До дороги А303 двенадцать миль, а там недалеко окраины Лондона.
По пути я позвонил в госпиталь. Мне сказали, что Генри в сознании и способен разговаривать. Пока я пробивался на «БМВ» сквозь поток машин, я старался не думать о том, что он может сказать. Я знал, что Генри меня не любит, и, признаться, он мне тоже не слишком нравился. Он всегда стремился создать впечатление, будто мир построен исключительно для его нужд, а окружающие существуют только для того, чтобы выполнять его распоряжения или оказываться побежденными в конкуренции с ним. Я не встречал другого такого человека, который бы так отчаянно нуждался в победах, как Генри. Он был то груб, то покровительственен по отношению к Чифи, а к Хьюго относился так, будто тот был его изобретением.

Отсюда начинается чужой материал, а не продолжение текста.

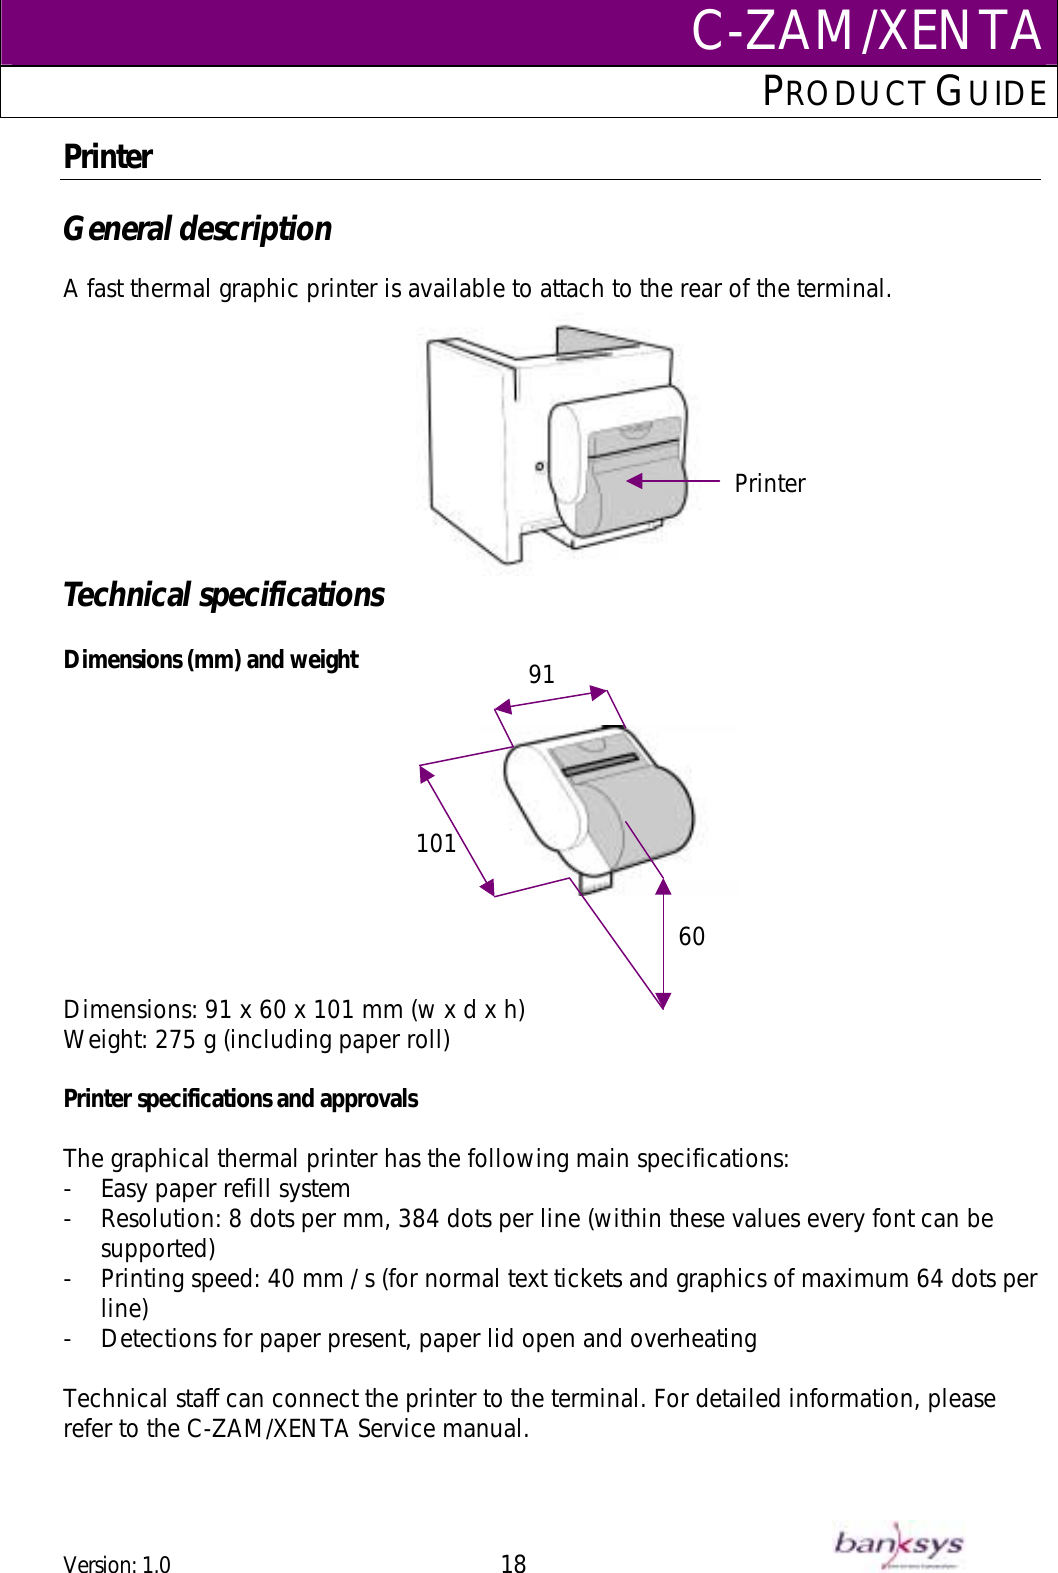 C-ZAM/XENTAPRODUCT GUIDE  Printer  General description  A fast thermal graphic printer is available to attach to the rear of the terminal. Printer Technical specifications  Dimensions (mm) and weight     Dimensions: 91 x 60 x 101 mm (w x d x h) 6091101Weight: 275 g (including paper roll)  Printer specifications and approvals  The graphical thermal printer has the following main specifications: -  Easy paper refill system  -  Resolution: 8 dots per mm, 384 dots per line (within these values every font can be supported) -  Printing speed: 40 mm / s (for normal text tickets and graphics of maximum 64 dots per line) -  Detections for paper present, paper lid open and overheating   Technical staff can connect the printer to the terminal. For detailed information, please refer to the C-ZAM/XENTA Service manual.  Version: 1.0 18      
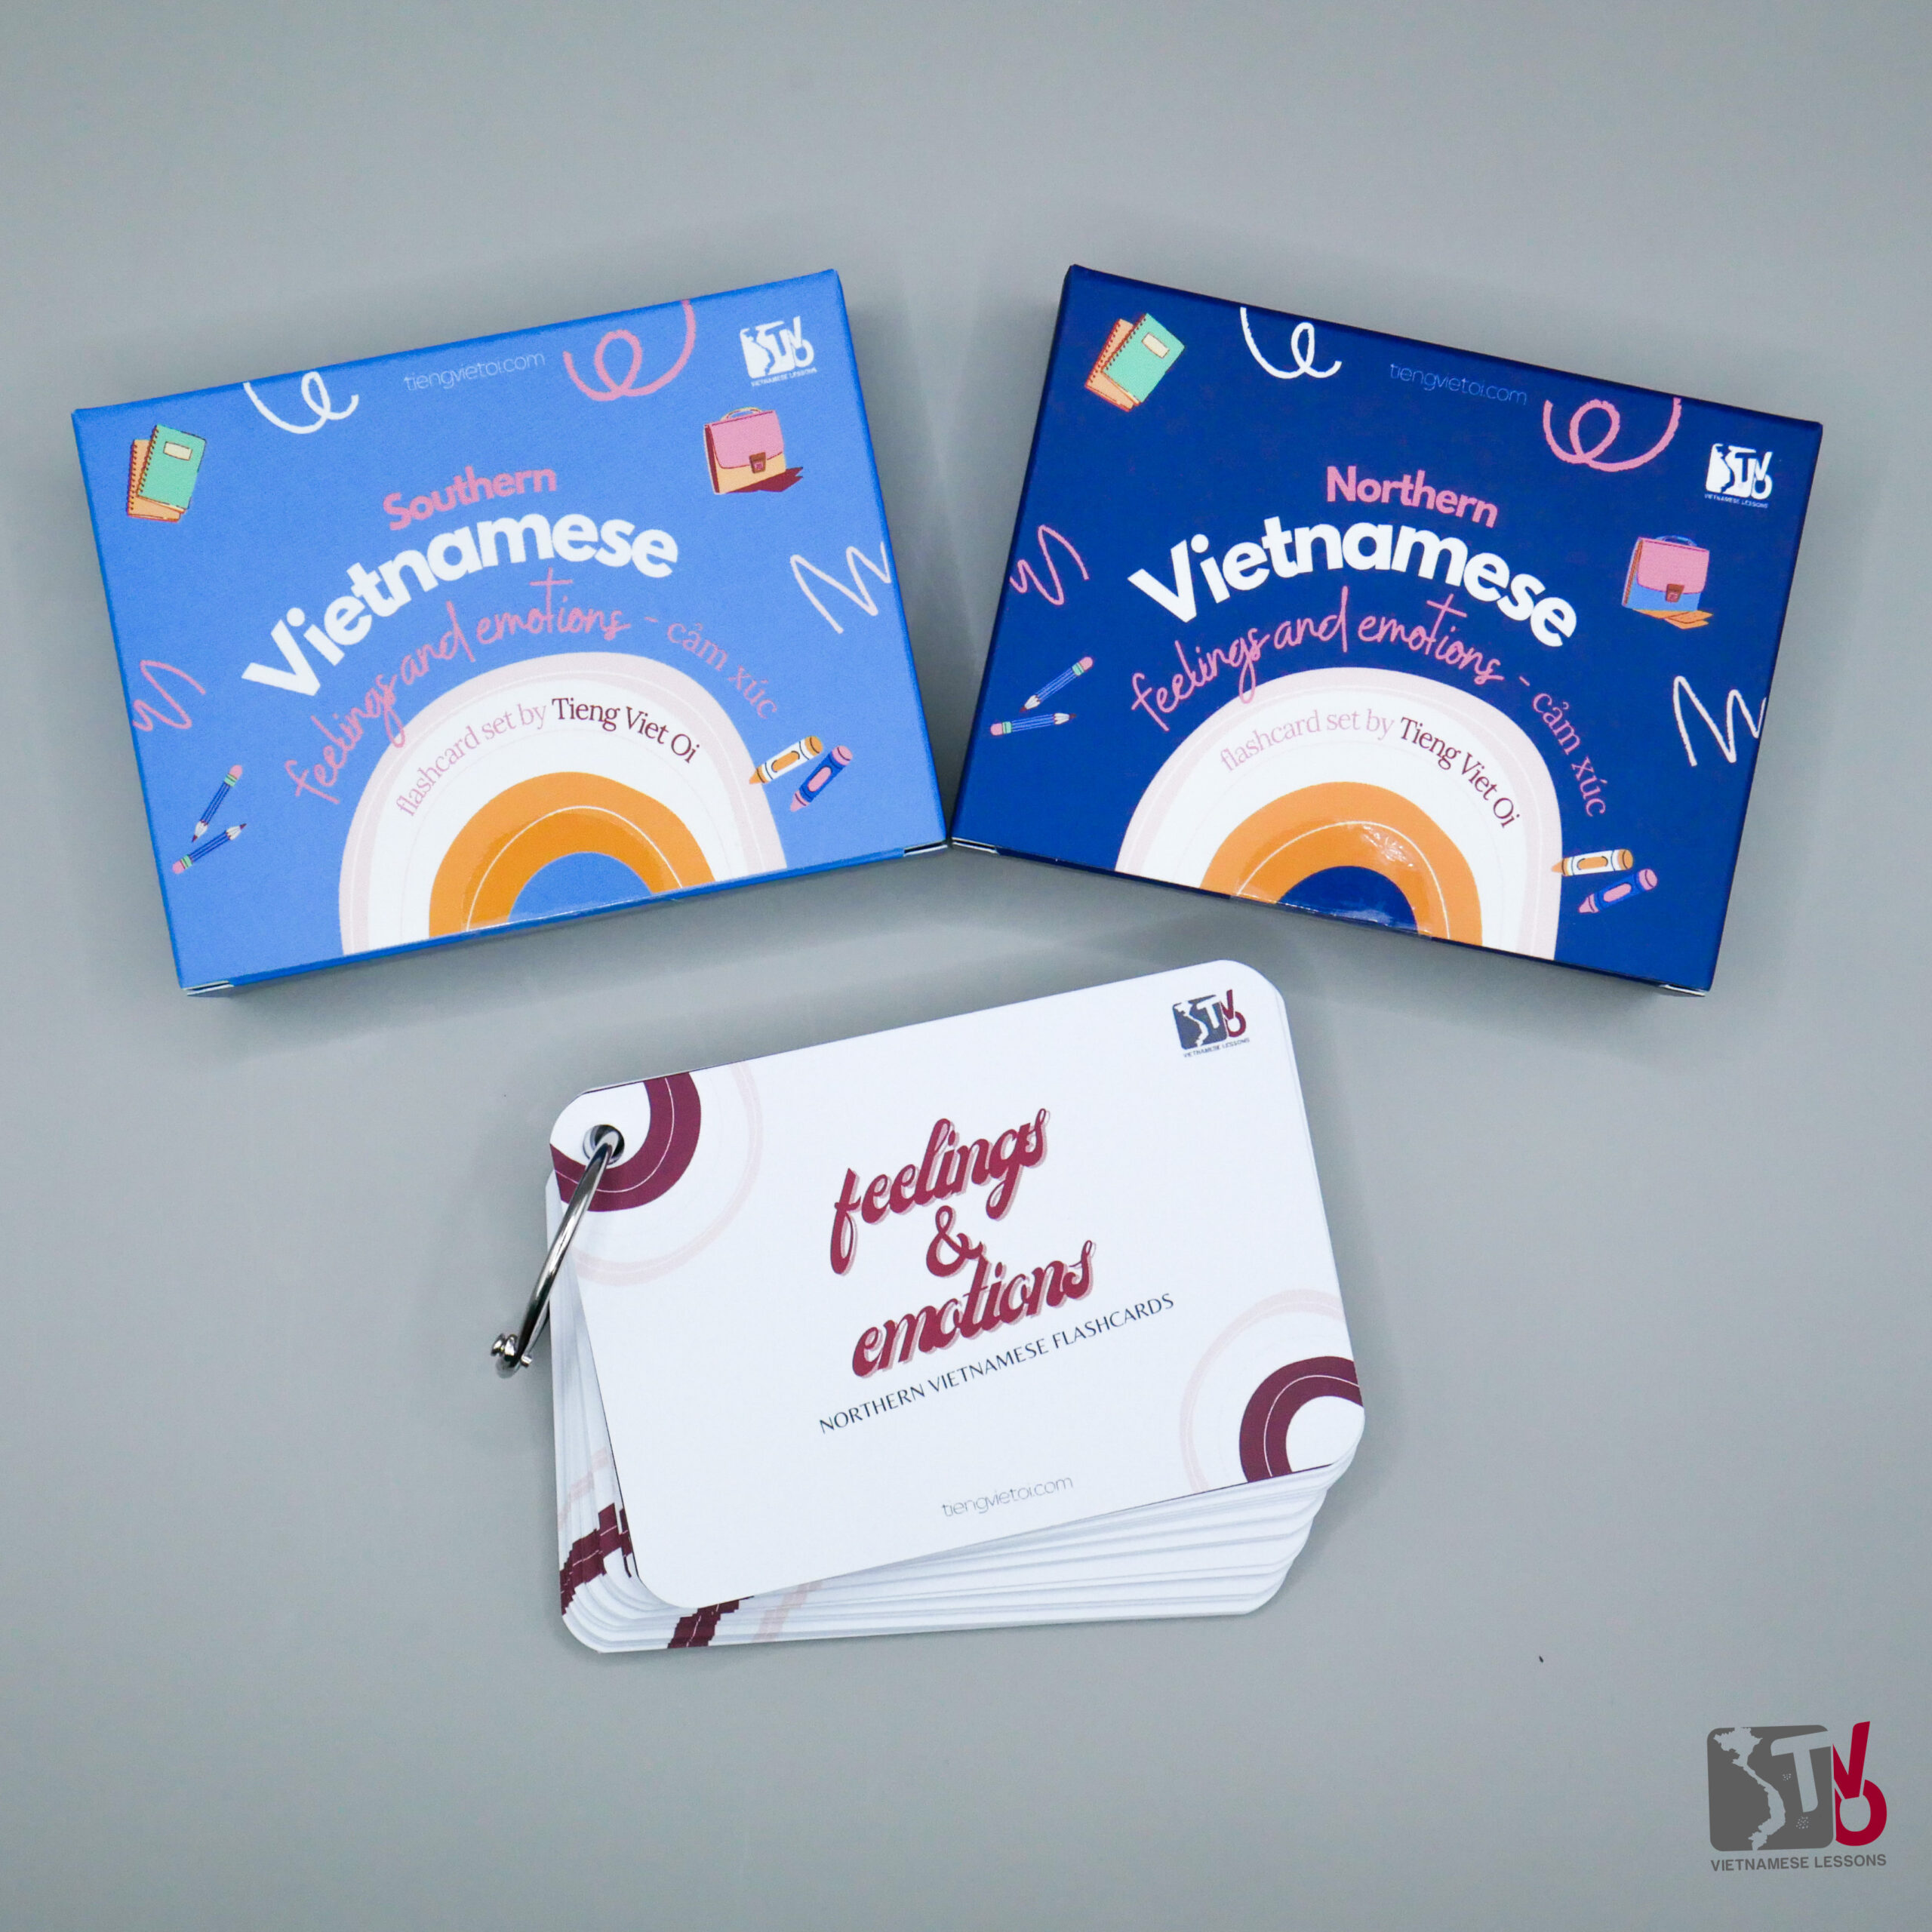 Feelings & Emotions Flashcards - Tieng Viet Oi

Ровно в два часа я прибыл в госпиталь «Стоук-Мандевиль». С тревогой шел я за бойкой сестрой по солнечным коридорам, покрытым зеленым линолеумом.
— Думаю, он будет рад увидеть вас, — сказала она. — Но даю вам на свидание не больше пяти минут.
Генри лежал в отдельной палате. Лицо выглядело крупным и красным на фоне подушки и гипсовой повязки, покрывавшей верх туловища. Мои глаза скользнули по возвышающейся под одеялом нижней части тела. Обычно в теле чувствуется какое-то напряжение. У Генри оно отсутствовало. Только глаза двигались, затуманенные и налитые кровью.
— Генри, я пришел, чтобы сказать, как я сожалею...
— Благодарю, — произнес он невнятно.
— Что произошло?
— Я стукнулся головой. Не мог пошевелиться. — Он явно был одурманен лекарствами. Видимо, в госпитале ему не рассказали всего.
— Гонки, — сказал я. — Можешь ты говорить об этом?
— Кто победил? — спросил Генри.
— Бистон.
— Проклятье! — сказал он. На миг его глаза прояснились. — А что ты тут делаешь?
— Я хотел бы узнать, как... что случилось, — начал я медленно. Не имело смысла притворяться перед Генри, будто мы испытываем симпатию друг к другу.
— Что же, я скажу тебе. Зубья были с подветренной стороны. Шли хорошо, держали на створ причального маяка. — Он нахмурился. — Управление отказало. Штурвал не слушался, никак. Дальше не помню. А как Хьюго?
Вошла сестра.
— Ну, мистер Чарлтон, давайте подготовимся к визиту доктора?
— Как Хьюго? — переспросил Генри.
— Не беспокойтесь о нем, — сказала сестра.
— Вот что! — Внезапно Генри заговорил четко и громко. — Это все чертов руль Чарли Эгаттера. Он сломался. Я напрягся.
— Чарли... чертов... Эгаттер... — повторил он голосом, полным презрения и гнева. По щекам у него покатились слезы.
— Теперь вам лучше уйти, — сказала сестра.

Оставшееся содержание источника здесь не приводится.